(Stored items)
--------

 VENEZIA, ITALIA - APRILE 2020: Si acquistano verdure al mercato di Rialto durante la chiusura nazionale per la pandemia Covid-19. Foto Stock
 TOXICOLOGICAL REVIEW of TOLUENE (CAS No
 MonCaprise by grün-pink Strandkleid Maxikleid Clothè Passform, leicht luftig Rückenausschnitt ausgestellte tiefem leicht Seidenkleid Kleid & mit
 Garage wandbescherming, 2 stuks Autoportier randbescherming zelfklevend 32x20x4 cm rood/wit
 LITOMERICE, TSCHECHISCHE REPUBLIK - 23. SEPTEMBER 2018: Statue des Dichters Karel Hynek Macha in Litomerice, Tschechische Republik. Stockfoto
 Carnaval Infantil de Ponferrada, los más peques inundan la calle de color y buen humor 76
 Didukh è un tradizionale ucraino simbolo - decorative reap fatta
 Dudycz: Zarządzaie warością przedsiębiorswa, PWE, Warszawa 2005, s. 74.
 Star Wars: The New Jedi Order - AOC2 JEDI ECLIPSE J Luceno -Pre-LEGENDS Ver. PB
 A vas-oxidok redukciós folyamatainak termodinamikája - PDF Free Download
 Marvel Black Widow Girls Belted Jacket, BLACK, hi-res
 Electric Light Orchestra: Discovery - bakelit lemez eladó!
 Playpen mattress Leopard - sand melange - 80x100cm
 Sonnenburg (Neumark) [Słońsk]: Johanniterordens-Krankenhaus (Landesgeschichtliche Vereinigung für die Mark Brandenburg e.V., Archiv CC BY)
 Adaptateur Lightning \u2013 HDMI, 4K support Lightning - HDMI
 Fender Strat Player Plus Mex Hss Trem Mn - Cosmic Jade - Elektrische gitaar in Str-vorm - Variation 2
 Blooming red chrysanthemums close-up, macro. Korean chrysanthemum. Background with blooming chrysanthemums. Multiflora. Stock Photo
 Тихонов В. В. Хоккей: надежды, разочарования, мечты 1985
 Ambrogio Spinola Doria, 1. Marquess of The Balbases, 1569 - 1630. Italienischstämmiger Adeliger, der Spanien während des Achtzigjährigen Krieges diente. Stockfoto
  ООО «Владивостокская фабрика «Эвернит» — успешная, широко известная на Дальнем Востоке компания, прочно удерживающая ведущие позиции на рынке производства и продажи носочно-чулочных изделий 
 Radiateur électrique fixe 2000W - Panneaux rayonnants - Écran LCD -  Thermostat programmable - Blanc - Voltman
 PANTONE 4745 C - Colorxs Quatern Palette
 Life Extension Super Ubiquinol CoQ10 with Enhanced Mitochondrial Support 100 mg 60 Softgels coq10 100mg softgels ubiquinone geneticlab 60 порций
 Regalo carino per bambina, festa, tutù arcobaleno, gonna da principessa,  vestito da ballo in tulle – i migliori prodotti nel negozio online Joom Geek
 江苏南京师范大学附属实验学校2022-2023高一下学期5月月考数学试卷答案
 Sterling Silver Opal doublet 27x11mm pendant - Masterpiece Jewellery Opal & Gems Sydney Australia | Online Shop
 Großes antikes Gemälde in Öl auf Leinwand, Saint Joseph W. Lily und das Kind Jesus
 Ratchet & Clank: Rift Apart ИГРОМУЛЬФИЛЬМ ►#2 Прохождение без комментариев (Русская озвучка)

--------

> _Task to carry out_: Reproduce the entries above exactly, but only the lines between the line holding "Didukh è un" and the line holding "Star Wars: The", inclusive.

> _Output below_:
 Didukh è un tradizionale ucraino simbolo - decorative reap fatta
 Dudycz: Zarządzaie warością przedsiębiorswa, PWE, Warszawa 2005, s. 74.
 Star Wars: The New Jedi Order - AOC2 JEDI ECLIPSE J Luceno -Pre-LEGENDS Ver. PB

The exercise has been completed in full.